One new aspect to Frieze is Frame (Frieze Frame, geddit?). This is dedicated to solo artist presentations from galleries under six years old, curated by Daniel Baumann and Sarah McCrory, and is a genius way of drawing attention (admittedly, at the rear of the fair) to those who could not afford a White Cube-size stand or position. Gareth Moore at Lüttgenmeijer from Berlin had a field full of flags, where the flag was black zig-zag material or think pink sheeting or wooden sticks. It was a witty way of playing with nationalism and representation.
Pommery broke out the champagne at 5.30 although some had broken out the vodka even earlier.
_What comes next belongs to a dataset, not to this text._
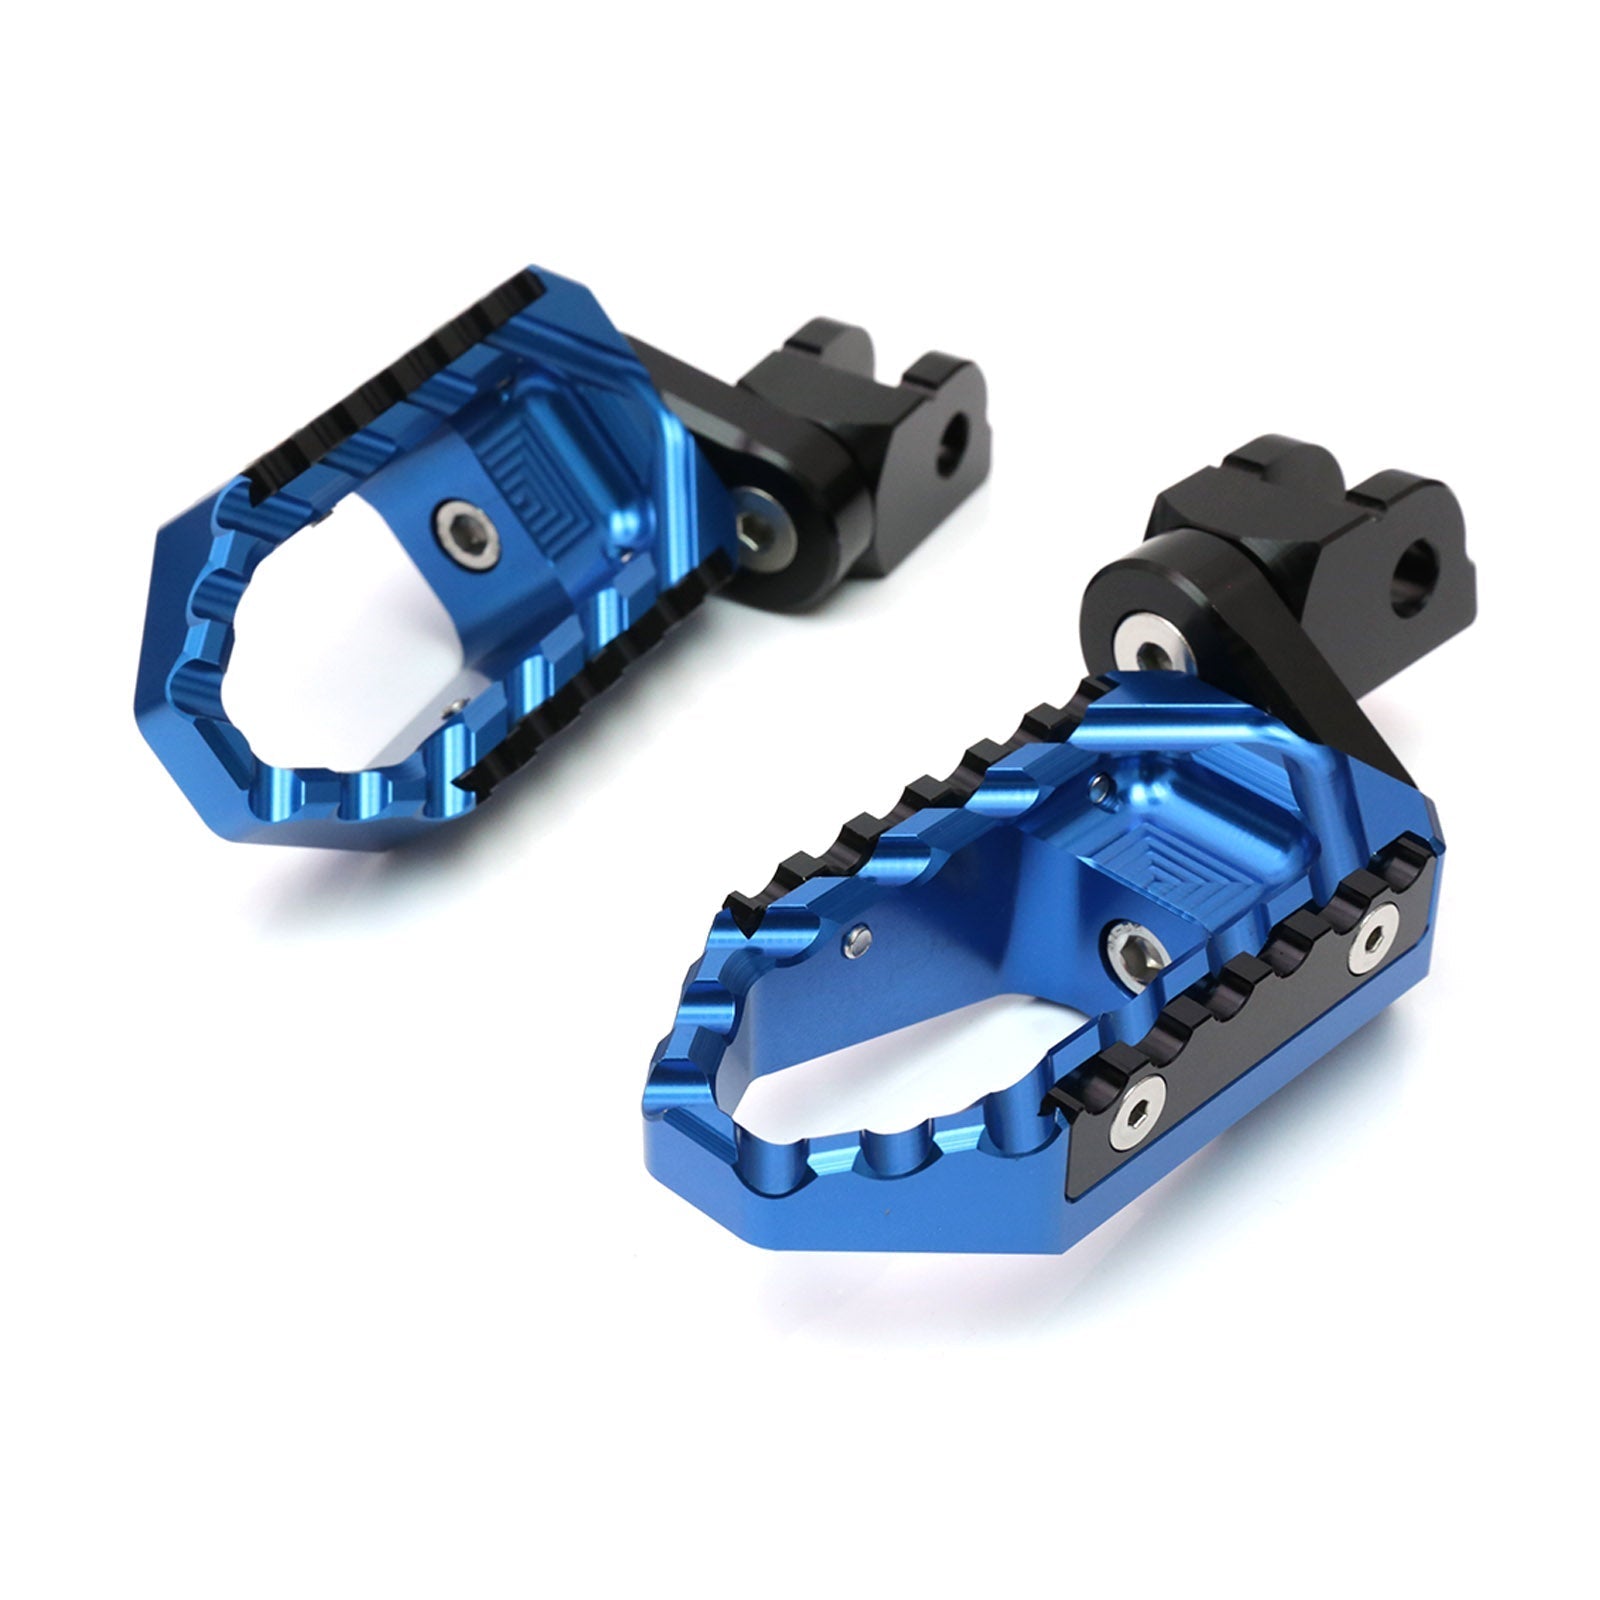 Fit Razor RSF350 RSF650 Touring 25mm Adjustable Extended Extension Lowering Lower Front Foot Pegs Footpegs Electric Dirt Bike MC Motoparts

Spotted earlier that day were Grayson Perry, looking like Whatever Happened to Baby Jane if Bette Davis had been a YBA; Lily Allen; and Sir Nicholas Serota, director of the Tate Galleries.
Despite tremulous qualms about whether the recession would condemn Frieze to the abandoned paint-pot of history, it is clear that its influence – and more importantly, its rejuvenating creativity – has been maintained.
* Author’s estimate based on number of times his toes were trodden on.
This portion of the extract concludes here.